The dog looked again at the broken city in the painting.

"He must be quite important to you."

"A friend. That's rare enough. An ally. He understood my ways, and appreciated my art."

"Your paintings?"

"Other creations. I did not always limit myself to paint."

"You were saying something about anchors."

"Yes... we change. Not always as dramatically as your mistress, but we do. Constantly, in small or large ways, depending on how we are seen, how we are perceived. Sometimes, when we are pleased with what we are, we do not wish to change.

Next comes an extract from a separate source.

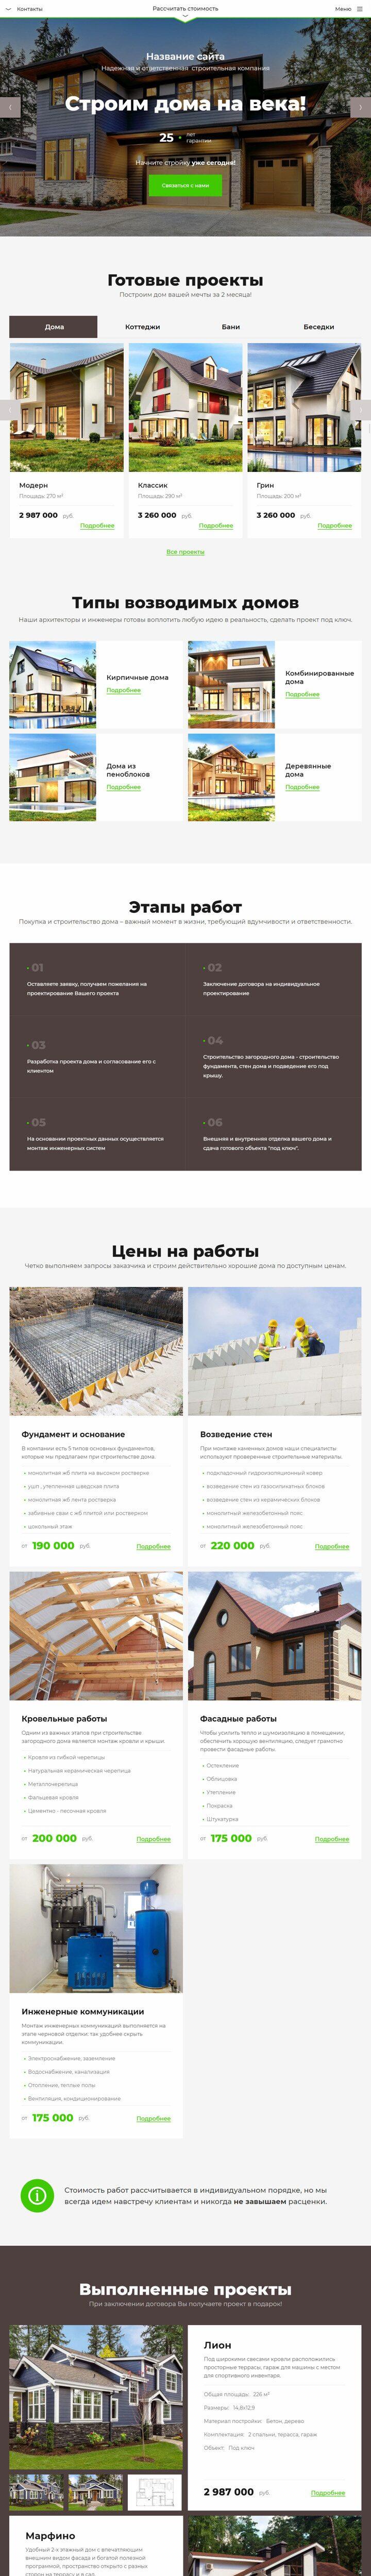 Готовый Сайт-Бизнес #2798053 - Загородное строительство (Главная 2)

We find an anchor."

"To remember you..."

"To remember is not enough. The anchor must have weight to face the waves of countless other perceptions, without in turn being swayed by them. The Goblin King is an admirable anchor."

"Why give him up?"

"I knew I'd walk another path." Destruction picked a napkin off the table and began to twist it into loops. "We met at neutral ground - the sunken city of Atlantis. All of us took part in her fall, and we return there whenever we need to work together."

"I thought you said this Goblin King brought his kingdom with him."

"He did. A spider in his web; that's what he reminds me of. Jareth is at the centre of his own world - the geography of his land reflects that. A castle forms about him, surrounded by a maze."

"Sounds uncomfortable."

"It does not move as often as you might believe. For our discussion, it did. It had to. My Brother and Sibling needed to see it. If the patronship were to be transferred, his kingdom could have no foothold in my realm."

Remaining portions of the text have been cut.